From: Zheng Liu <gnehzuil.liu@gmail.com>
To: Dave Hansen <dave@sr71.net>
Cc: linux-mm@kvack.org, linux-kernel@vger.kernel.org
Subject: Re: [RFC][PATCH] mm: madvise: MADV_POPULATE for quick pre-faulting
Date: Fri, 28 Jun 2013 13:47:57 +0800 [thread overview]
Message-ID: <20130628054757.GA10429@gmail.com> (raw)
In-Reply-To: <20130627231605.8F9F12E6@viggo.jf.intel.com>
Hi Dave,
On Thu, Jun 27, 2013 at 04:16:05PM -0700, Dave Hansen wrote:
>
> I've been doing some testing involving large amounts of
> page cache. It's quite painful to get hundreds of GB
> of page cache mapped in, especially when I am trying to
> do it in parallel threads.
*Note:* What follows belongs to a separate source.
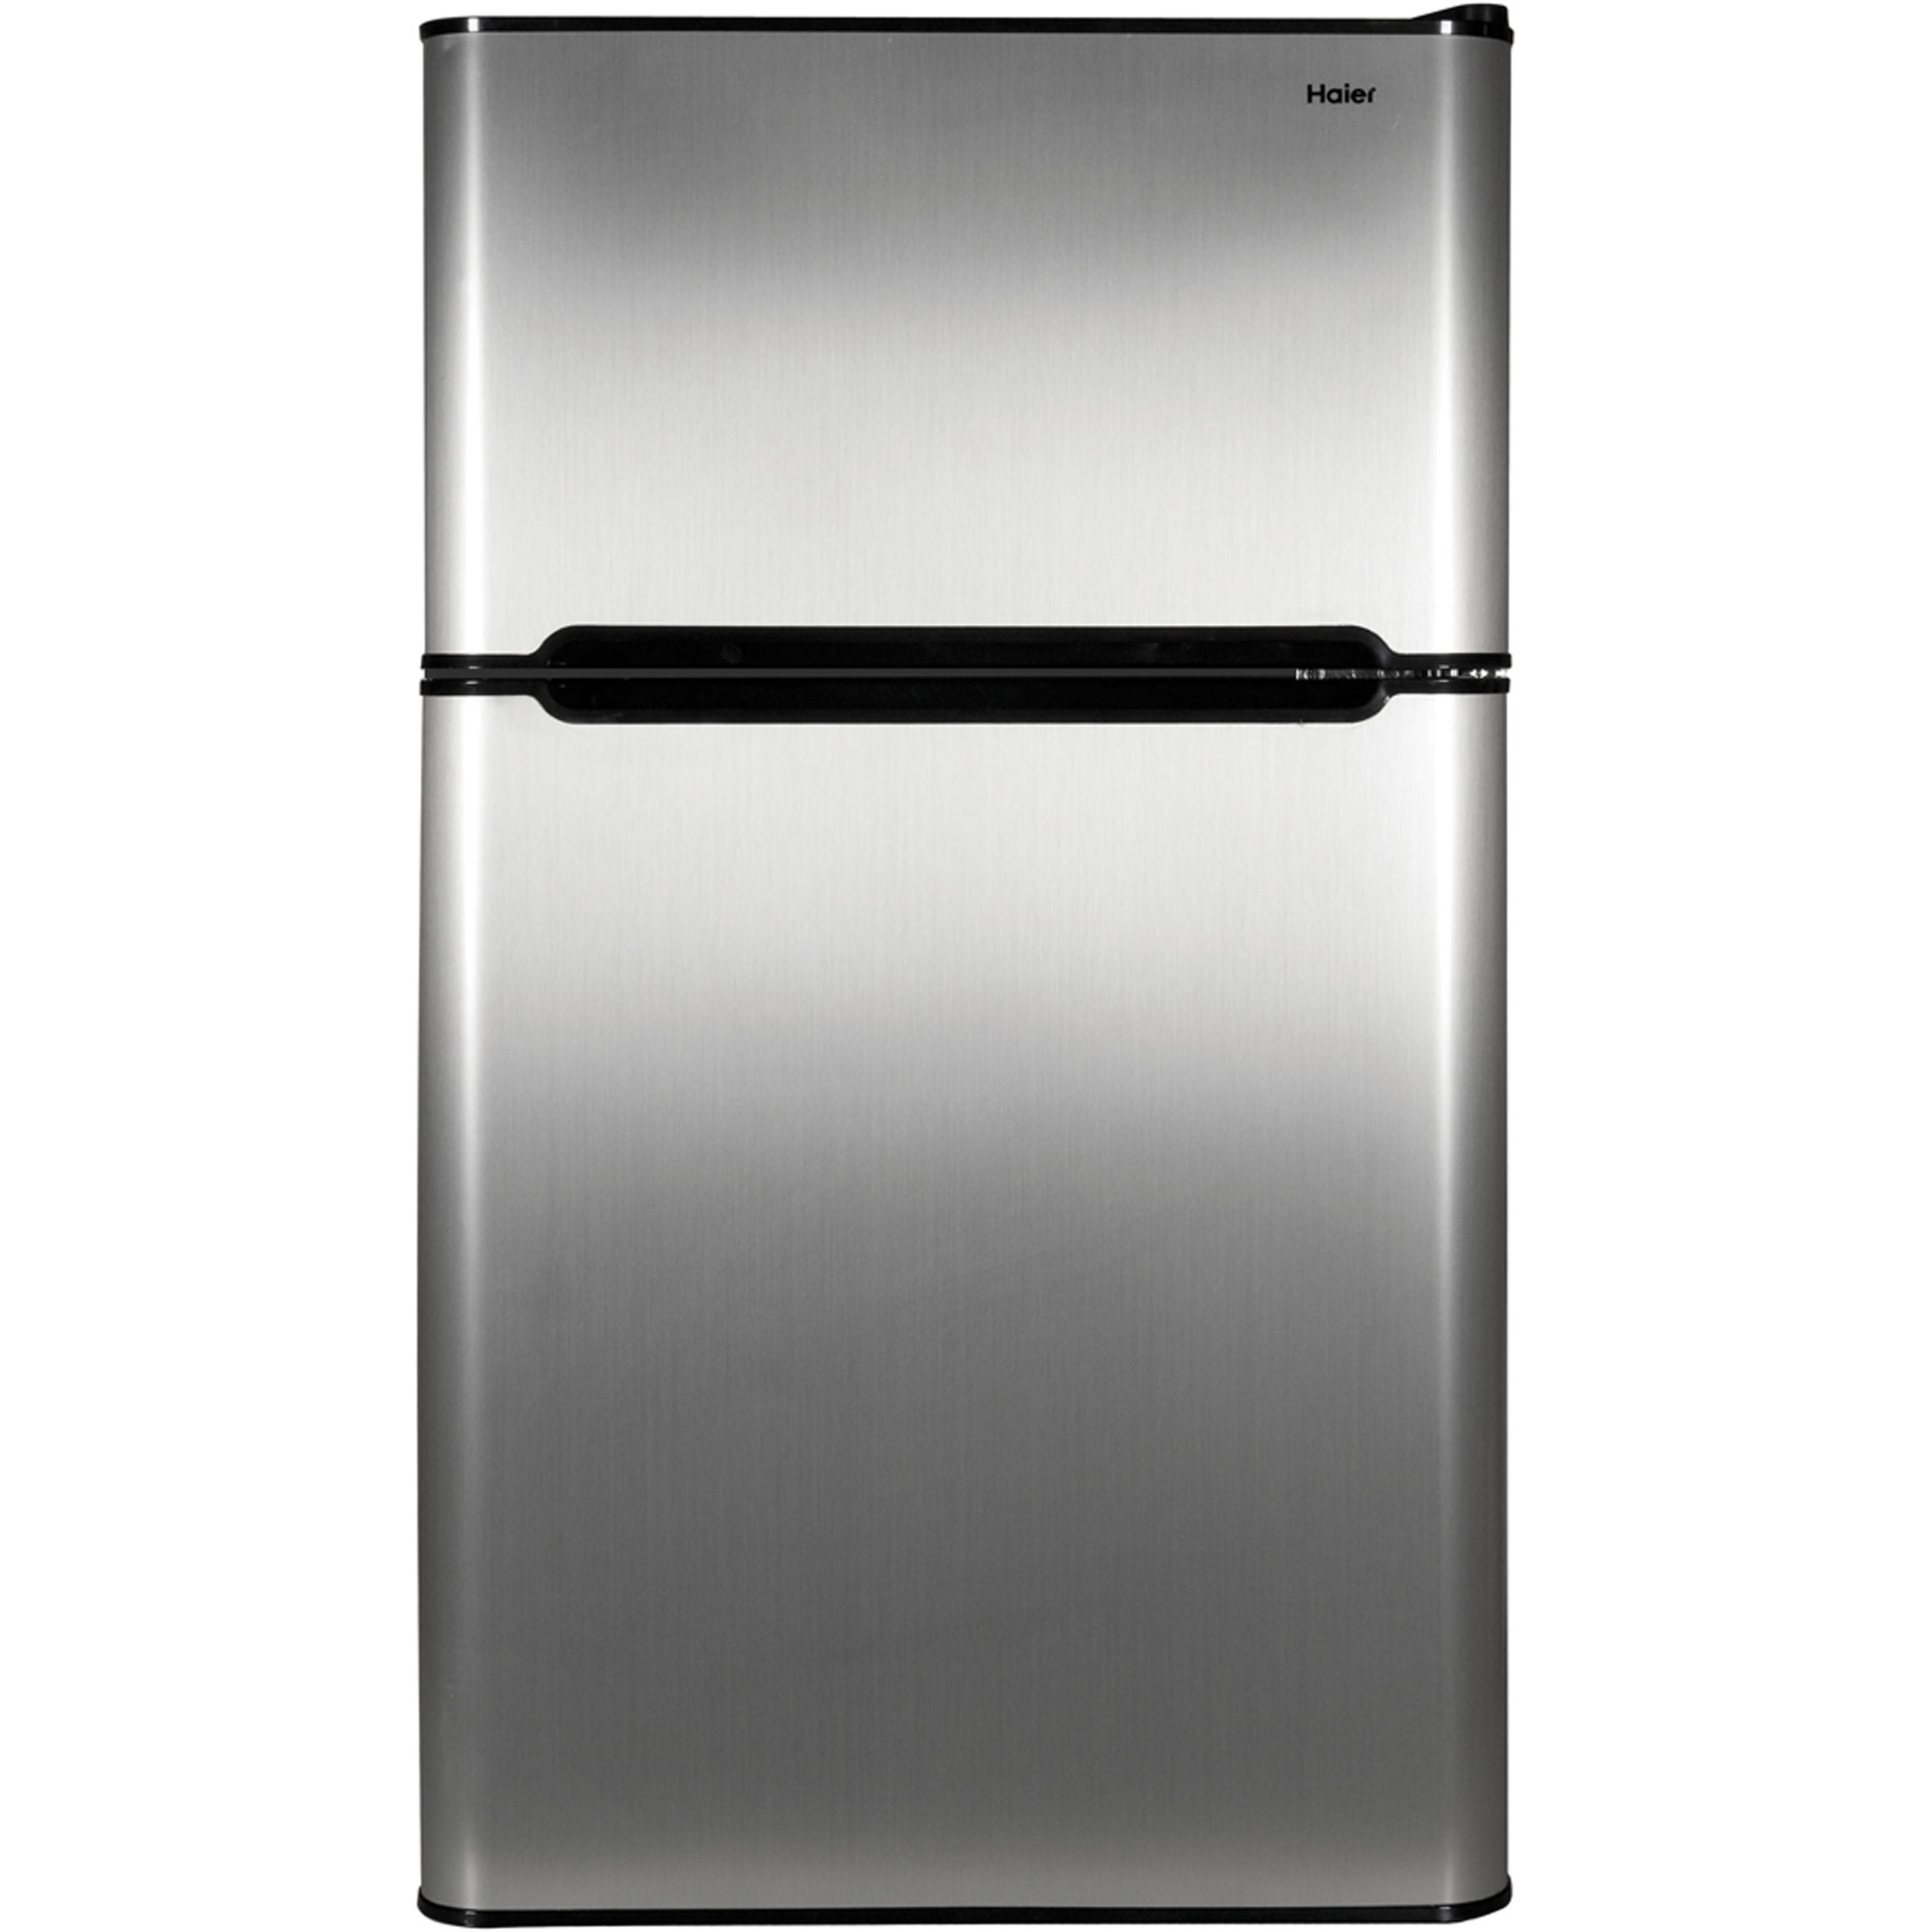 Review of Haier 3.2 Cu Ft Two Door Refrigerator with Freezer HC32TW10SV

This is true even when the
> page cache is already allocated and I only need to map
> it in. The test:
>
> 1. take 160 16MB files
> 2. clone 160 threads, mmap the 16MB files, and either
> a. walk through the file touching each page
Why not change MAP_POPULATE flag in mmap(2)? Now it is only for private
mappings. But maybe we could let it support shared mapping.
Regards,
- Zheng
> b. run MADV_POPULATE on the file
> 3. MADV_DONTNEED on the mmap()'d area
>
> 160 threads/processes:
> faulting | MADV_POPULATE
> Threads: 698 | 102239 (146x speedup)
> Proceeses: 154247 | 297518 (1.9x speedup)
>
> single threaded:
> faulting | MADV_POPULATE
> 1908 | 3710 (1.9x speedup)
>
> To fix the thread suckage, this patch just walks the
> VMAs and maps all the pages in. Since it does a
> bunch of them in one go, it amortizes the cost of
> acquiring the mmap_sem across all of those pages.
>
> FAQ:
>
> Why do threads suck so much?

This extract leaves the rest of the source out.